Rimanemmo nella grotta di S. Pietro una notte e un giorno intero, senza che nell’aria si sentisse il rombo annunciato dei motori e neanche si levassero i rumori dei bombardamenti che si avvicinavano. Per noi bambini fu festa grande, e nessuna minaccia o rimprovero servì a tenere tranquilli il nostro sangue e il nostro argento mescolati, in un luogo dove la proibizione e la regola cadevano senza peso, come piume.
Ma il massimo della felicità fu quando, nell’aria, risuonò lo scampanellio lungo di un intero gregge di pecore, che veniva a ripararsi nella grotta prima che arrivasse la sera. Mi addormentai fra belati di agnelli e grida di bambini, senza che la guerra passasse su di me con la sua ombra di morte. (...)
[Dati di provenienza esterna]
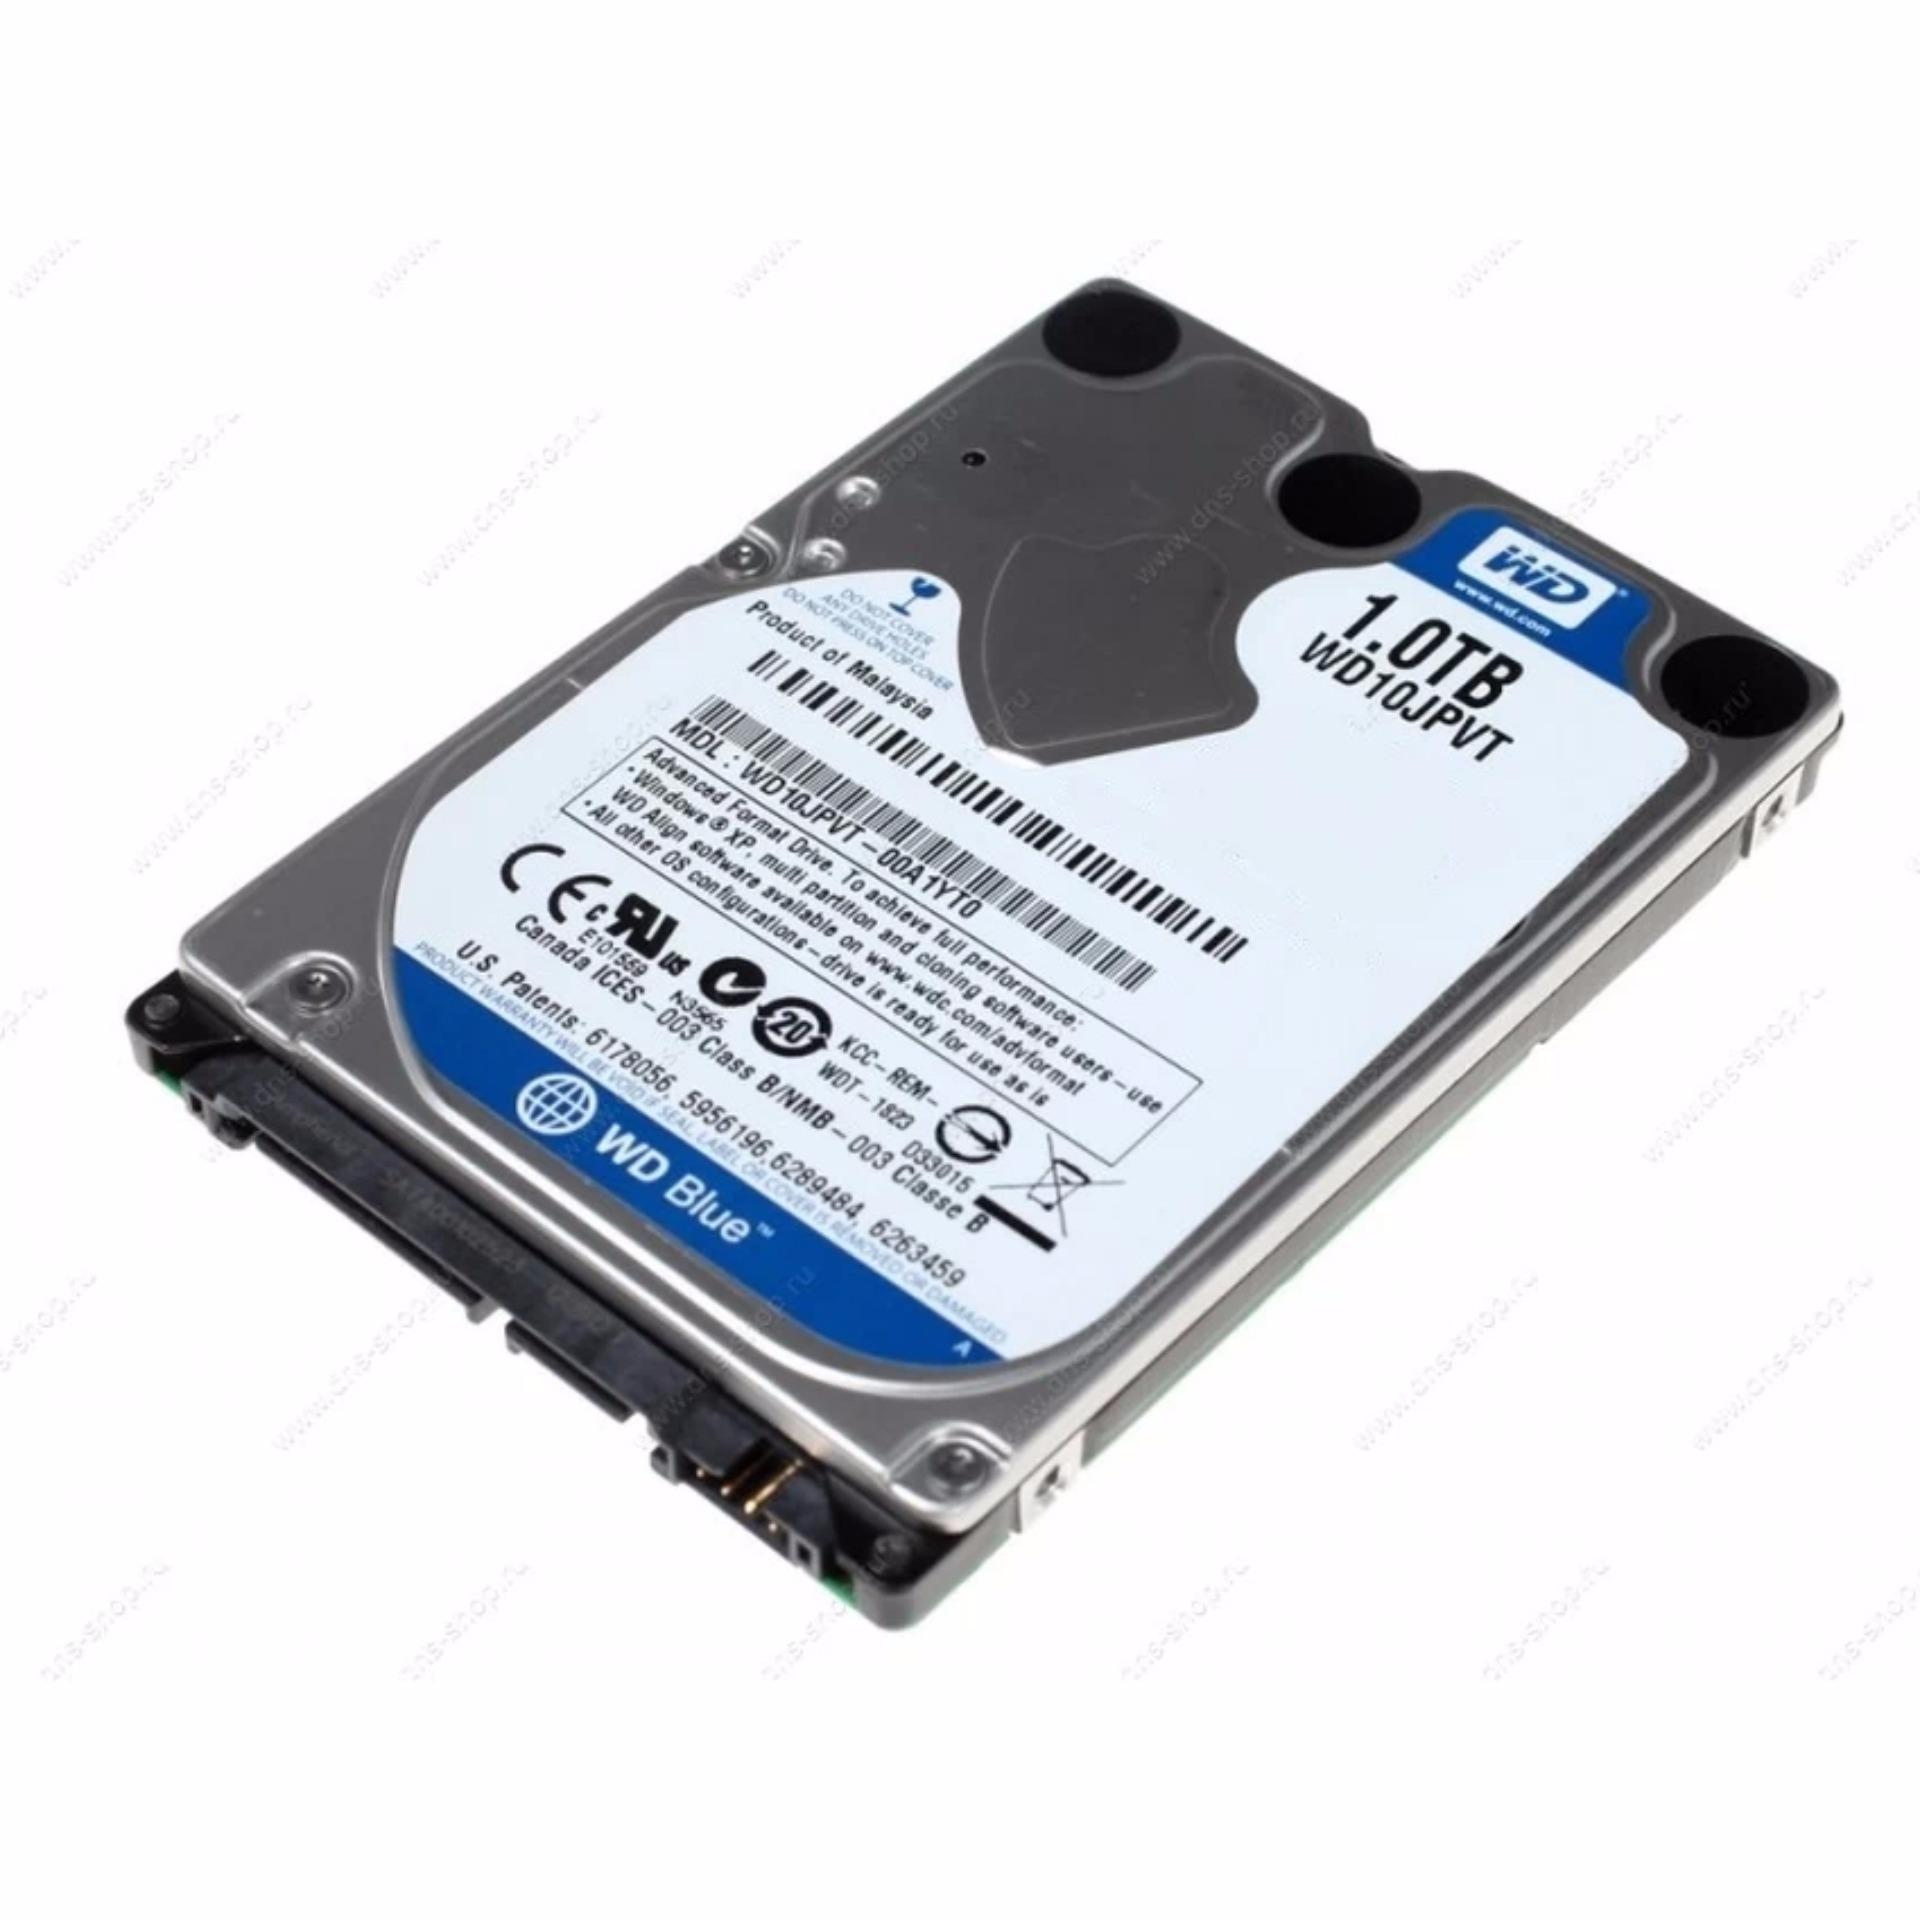 Philippines Western Digital Wd10jpvt 1tb 5400 Rpm 8mb Cache Sata Harddisk Wb Blue Hardisk Laptop 30gb S 25
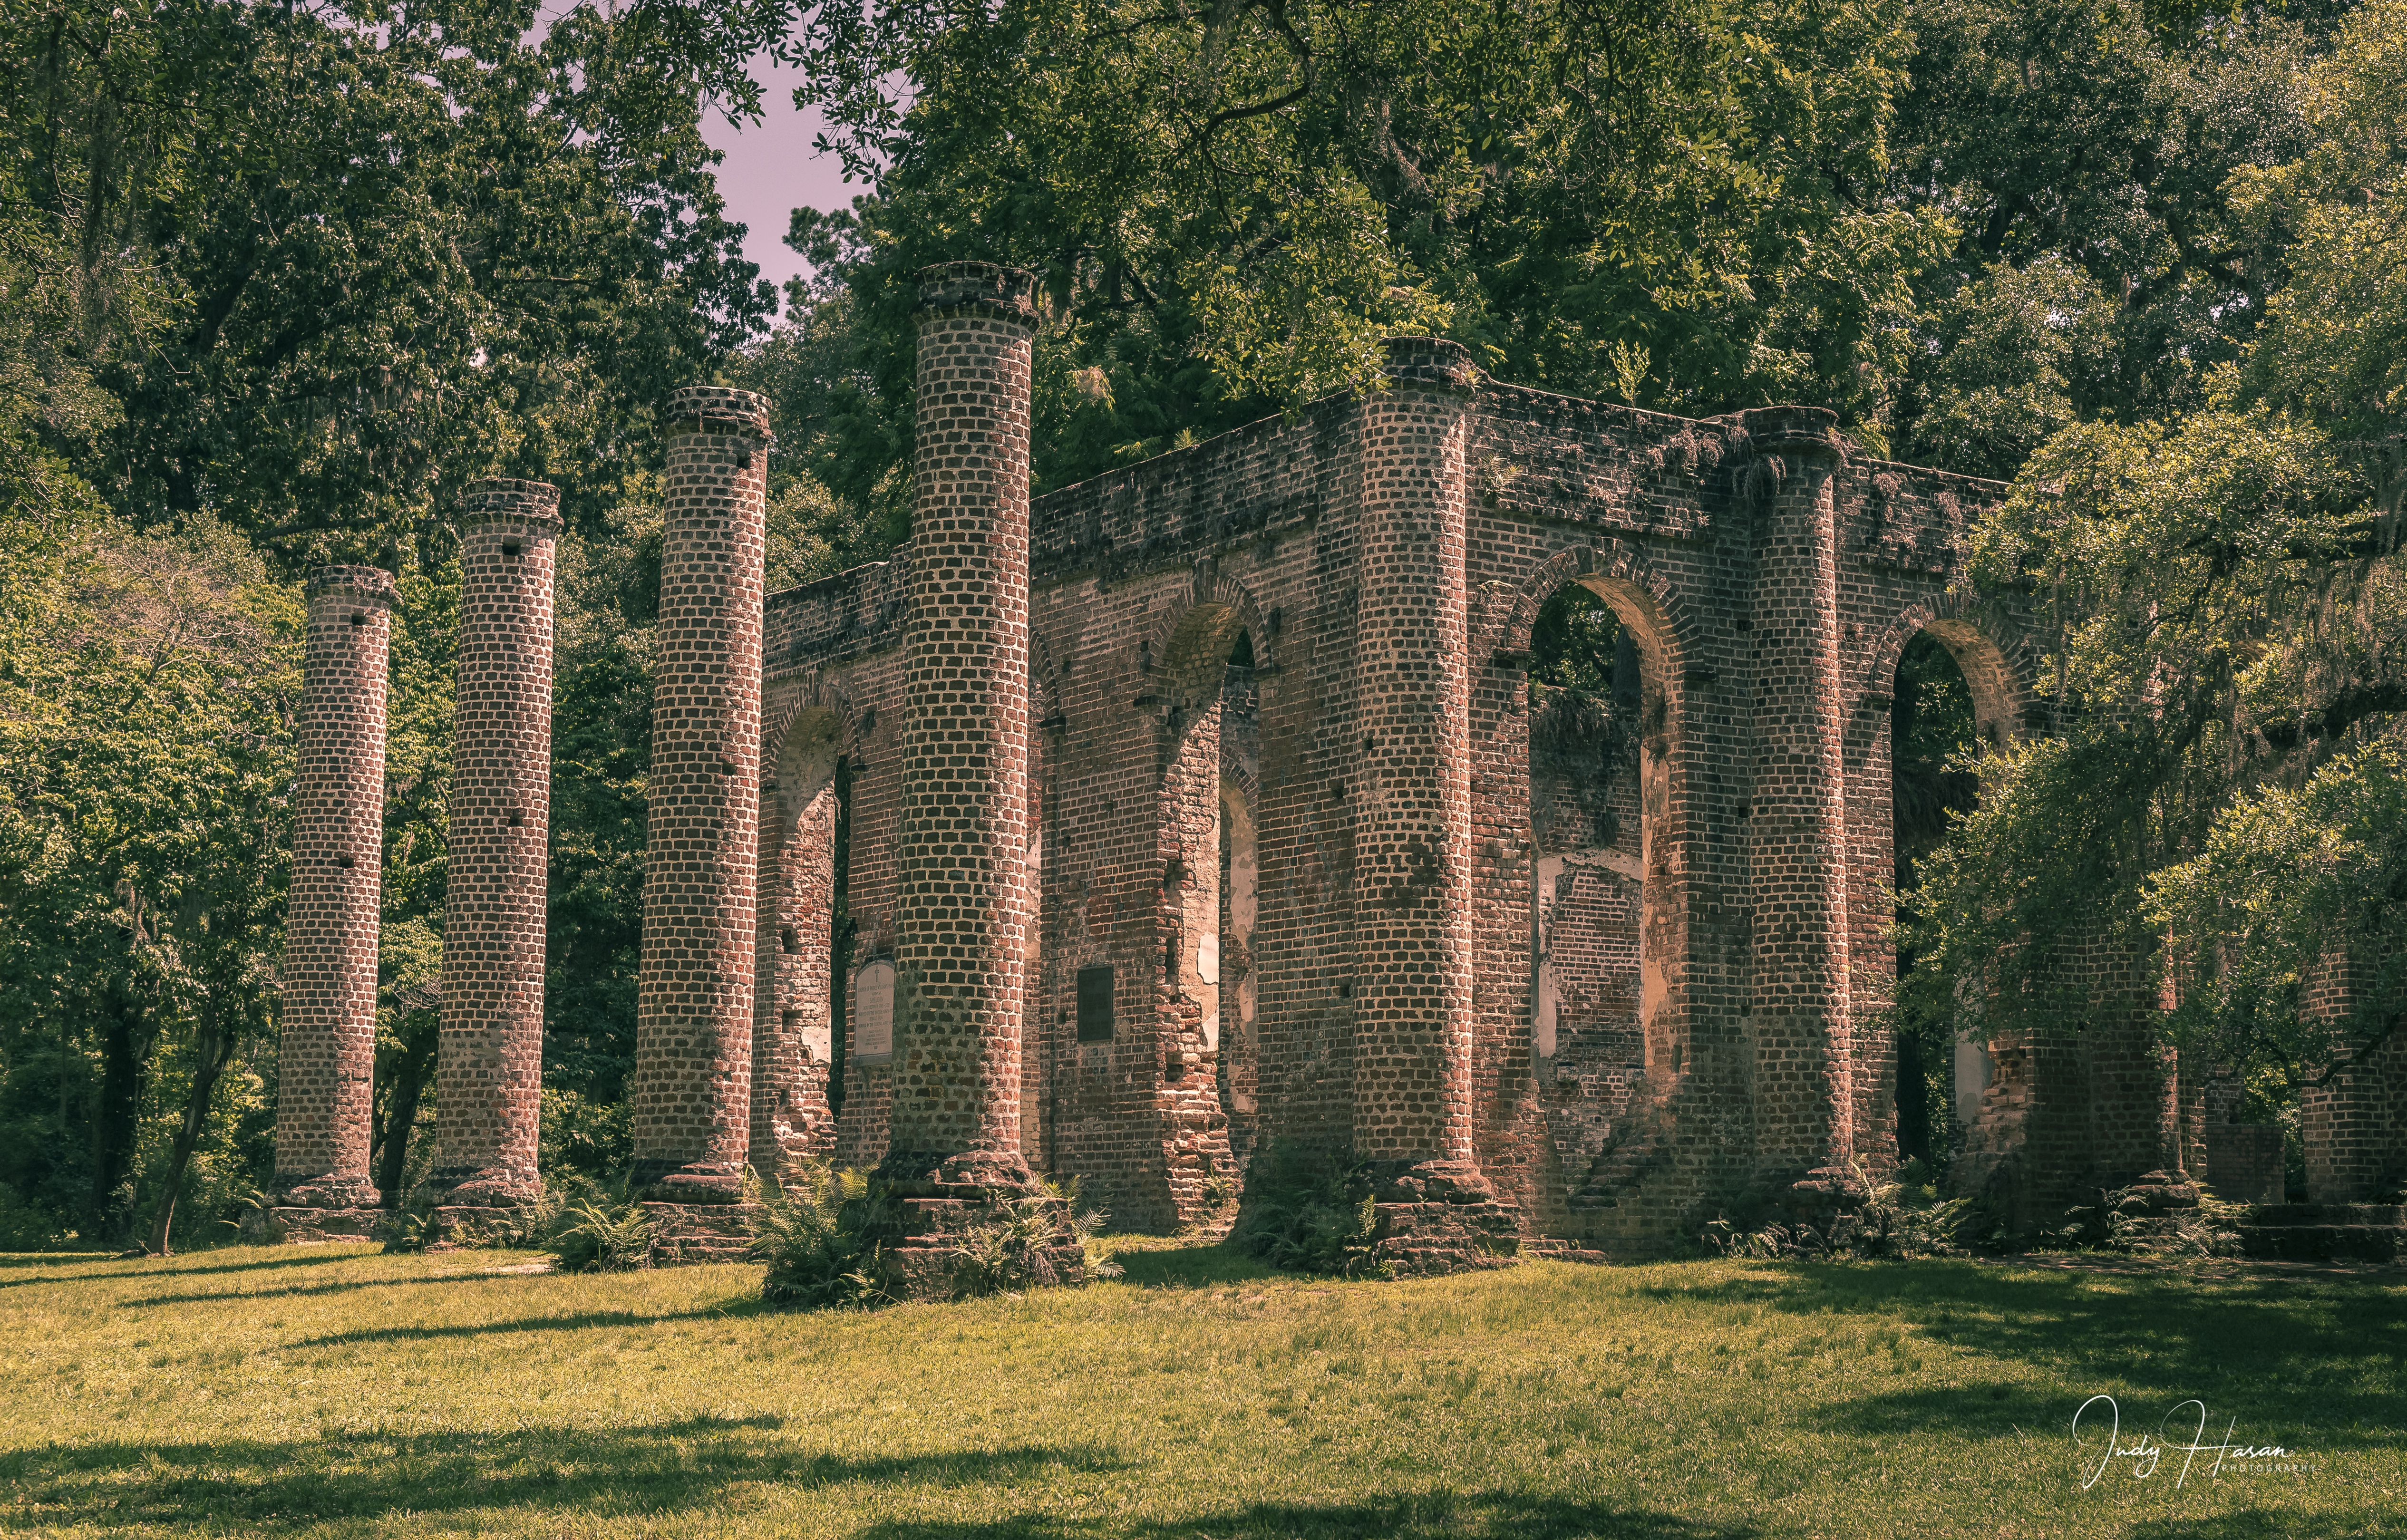 Columns of the Old Sheldon Church -Sheldon Church Ruins, Beaufort, SC

(Tratto dal romanzo Passaggio in ombra, Feltrinelli Editore, Milano, 1995)

 


Scomparsa prematuramente all’età di quarant’anni, Mariateresa Di Lascia si è sempre battuta per le cause della democrazia e dei diritti civili e umani all’interno del Partito radicale, di cui è stata anche vicesegretaria nel 1982 e deputato della nona legislatura. È stata fondatrice della Lega Internazionale Nessuno tocchi Caino per l’abolizione della pena di morte nel mondo. Nel 1988 aveva scritto il romanzo La coda della lucertola, che allora non volle pubblicare; dal 1988 al 1992 si è dedicata alla stesura di questo romanzo; ha poi composto quattro racconti, di cui uno, Compleanno, ha vinto il Premio “Millelire”. Il suo nuovo romanzo, Le relazioni sentimentali, rimasto incompiuto. Questo Passaggio in ombra ha vinto il Premio Strega nel 1995.